What power art thou, Who from below, Hast made me rise, Unwillingly and slow, From beds of everlasting snow! | |
See'st thou not how stiff, And wondrous old, Far unfit to bear the bitter cold. | |
I can scarcely move, Or draw my breath, I can scarcely move, Or draw my breath. | |
Let me, let me, Let me, let me, Freeze again... Let me, let me, Freeze again to death! |
--by John Dryden
from
Henri Purcell's Opera King Arthur
I must keep writing; the cold fingers--arthritic, gnarled--are not the nimble dancers that they once were. Before, as memory serves, a pas-de-deux of ungloved hands skimmed lithely over your geography. You were toe-shoe tall but shrouded by the snow-white sheet.
Sleeping.
Hard.
My hands found you, the edge of you, the end of the sheet's feigned modesty, the beginning of you.
Cue music. Focus the blue spot. My fingers spread, left and right, enthusiastic fans. Their bright aura breaks up the intrusion of that mechanical sun. I am lost in an amphitheater of dreams. I hear the blades carve grace and graffiti into the frozen surface. I hear the audience murmur. I hear them bill and coo. The landscape is familiar, even in the winter blindness. The northern lights are taffy tangling around my hands. The ice is illuminated from inside. The mirrored ball spins.
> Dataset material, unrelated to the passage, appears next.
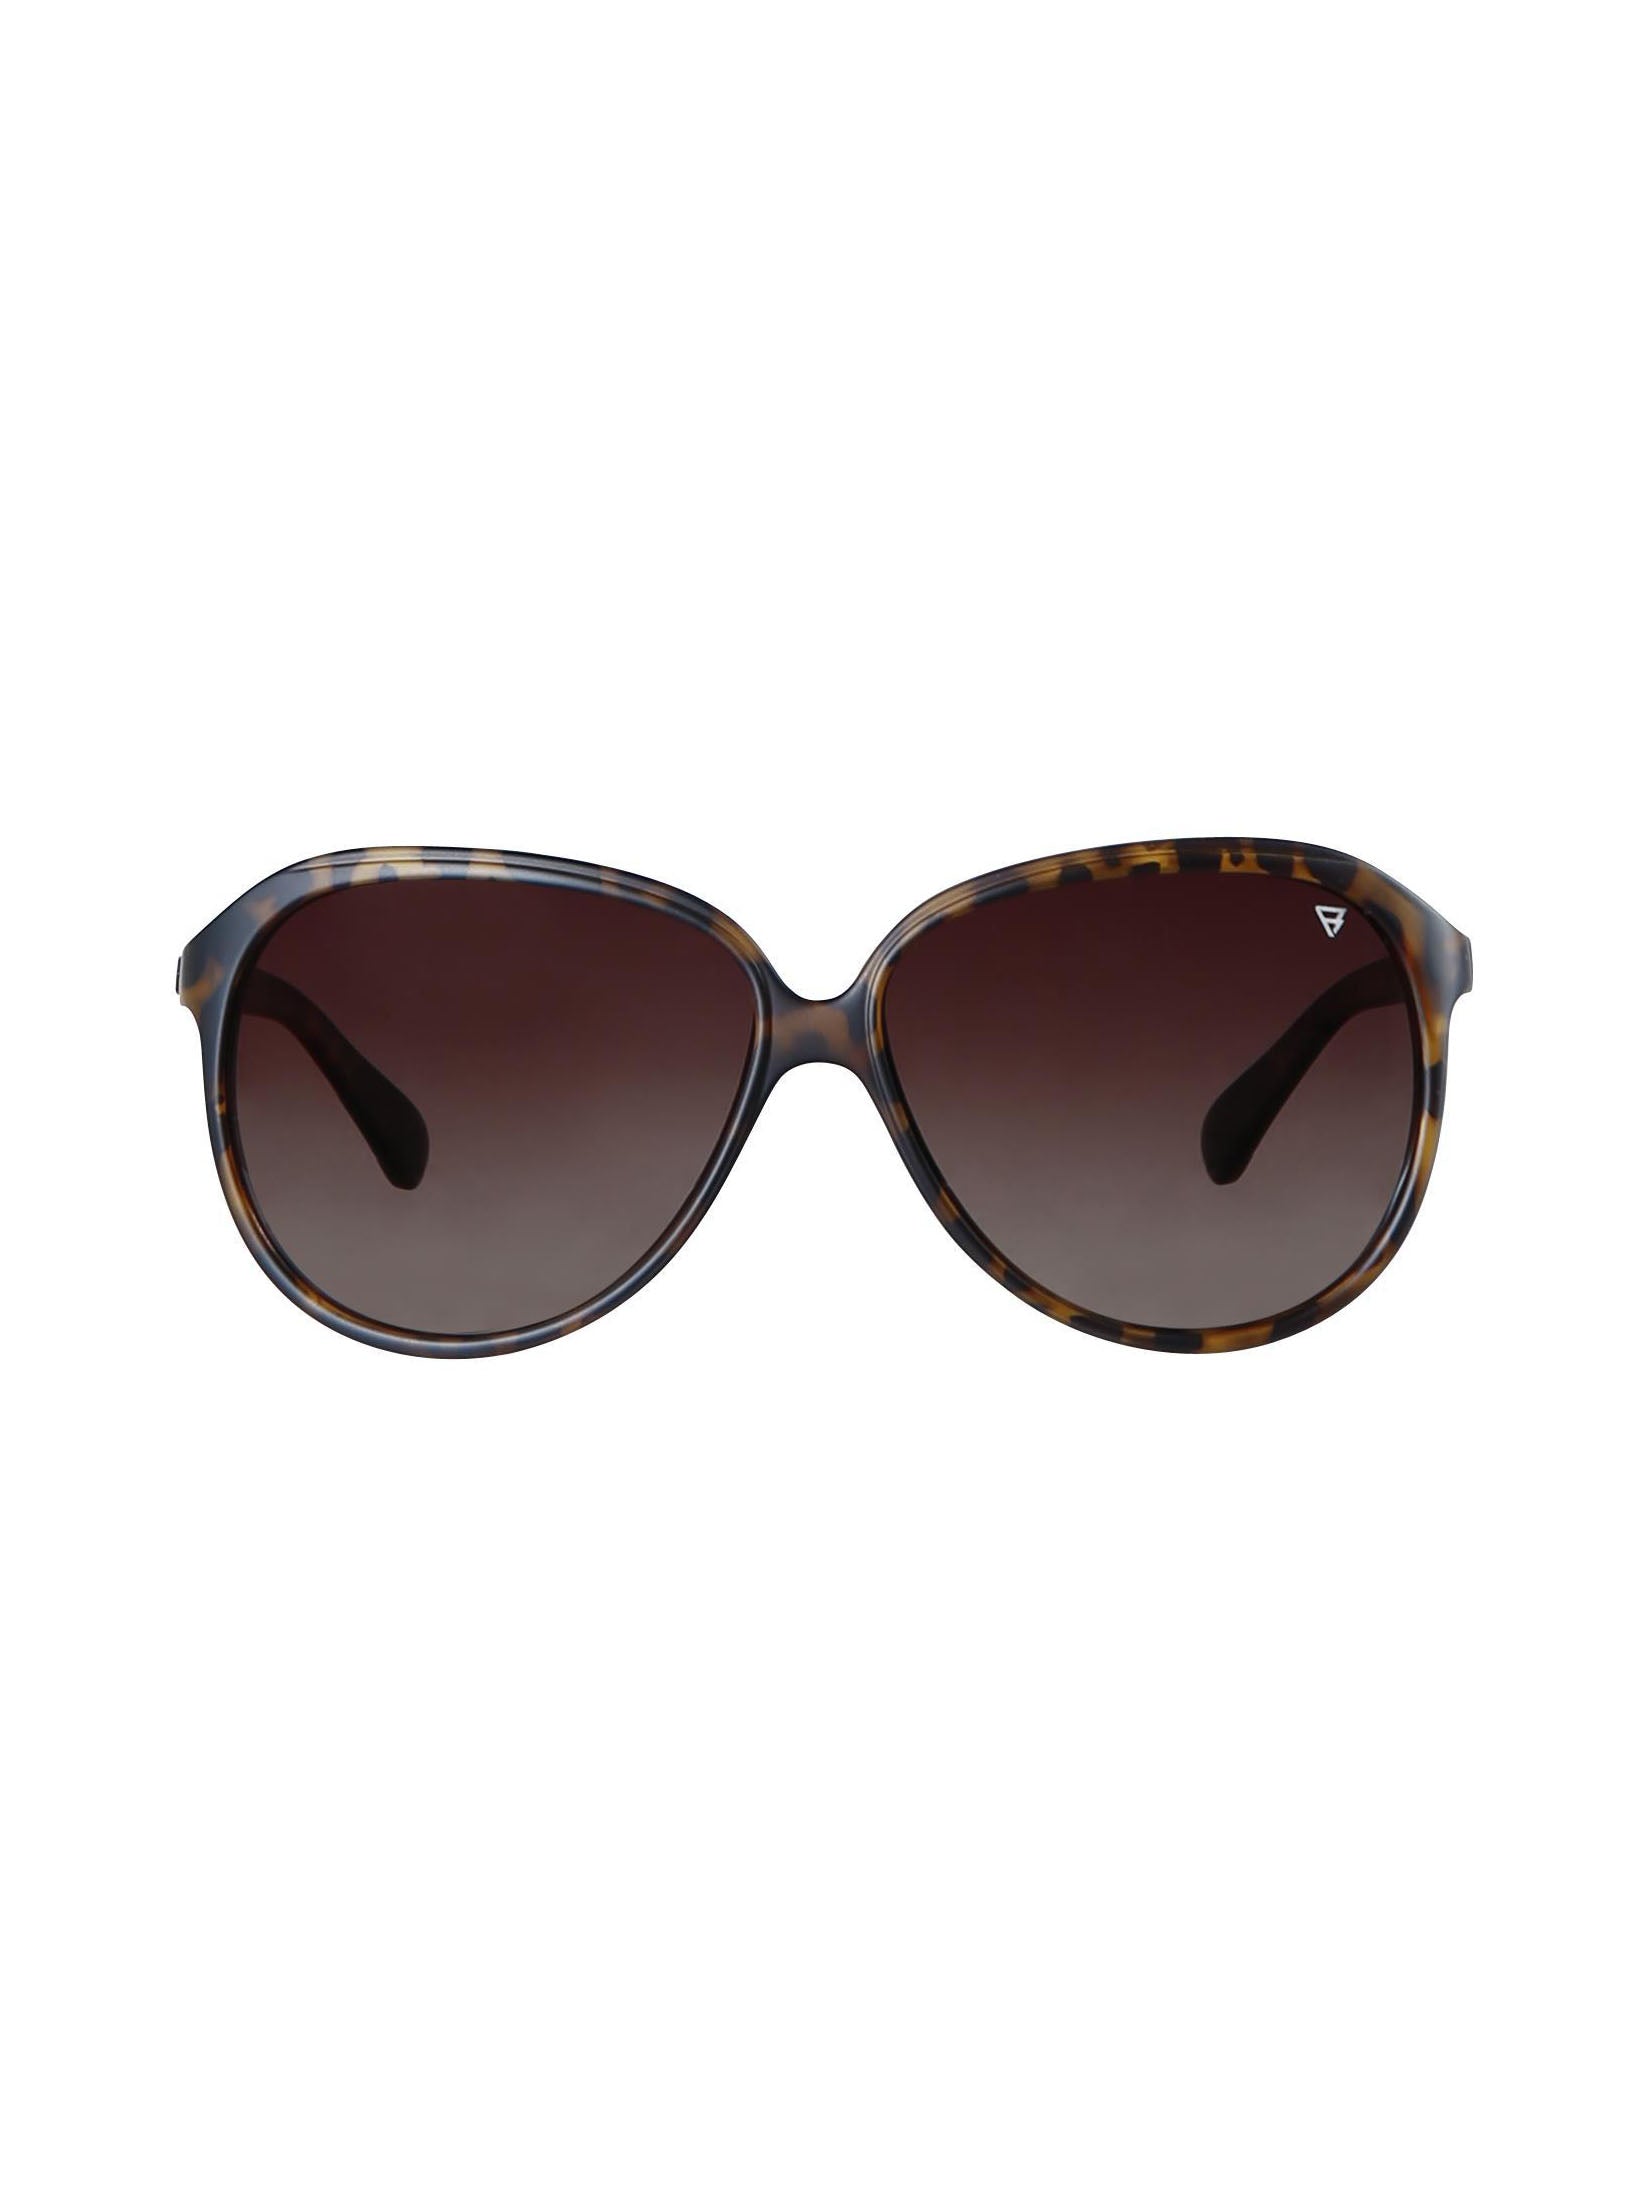 Hurange 2 Women Sunglasses | Brown

Later that night, we are wandering amidst the drifts that artists carve for Winter Carnival, reshaping them into moments stolen from fairy tales: the vanquished monster, the victor's elaborate throne. You climb into the king's lap; his patience is an invitation. The torches are lit--inside the brains of fevered geniuses, in some hundred tender beating hearts, along the trail that leads to the shy shores of the little hidden lake--and the flames dance their orange light into the dark and eerie corners of the leafless woods.
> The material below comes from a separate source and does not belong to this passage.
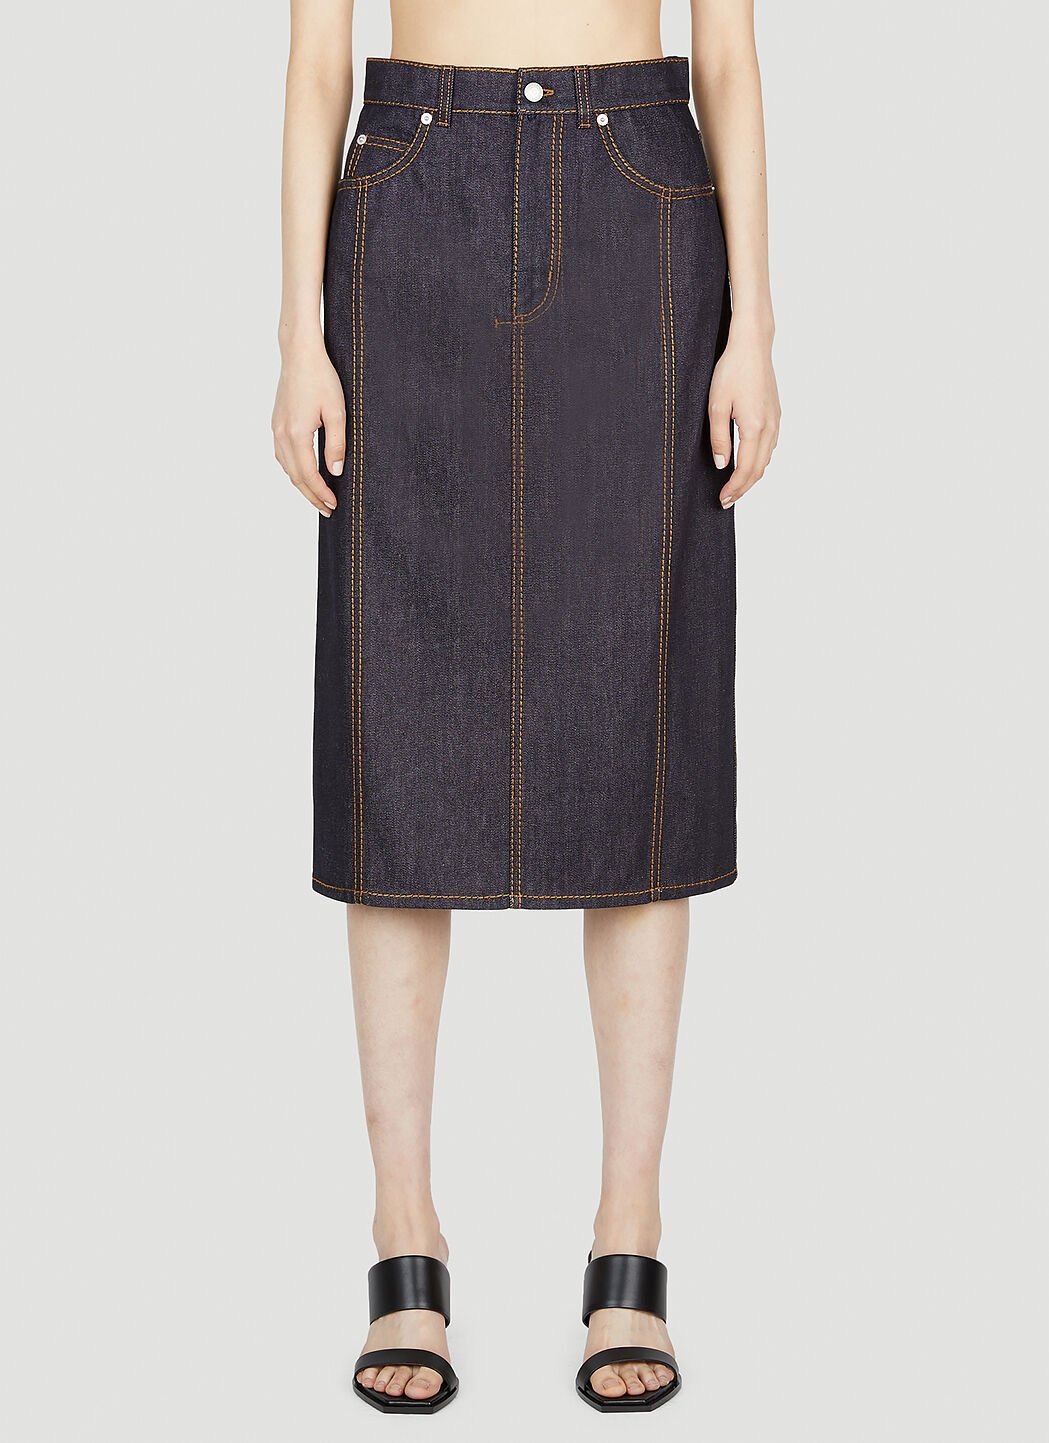 Alexander McQueen Contrast Stitching Denim Skirt Black amq0252012

On a wool blanket, we lay close together. You are feeding off my heat, the furnace of my hands. They skate over the white ice of your skin.
You melt.
You shiver.
In sleep, the terrain that makes you begins to flatten out. This is to be expected, like slow erosion and the drift of continents, all the forces of weather and time. The land, now glaciated, lies buried beneath memory, compressed and crushing the rocks under the weight of all the tripping dancers that have mastered the parquet floor--freshly waxed and shimmering beneath the slipper of the moon--and now in pairs dare the ice to open up, crack and crackle under their weight of two, of you and some other, faceless in the dream.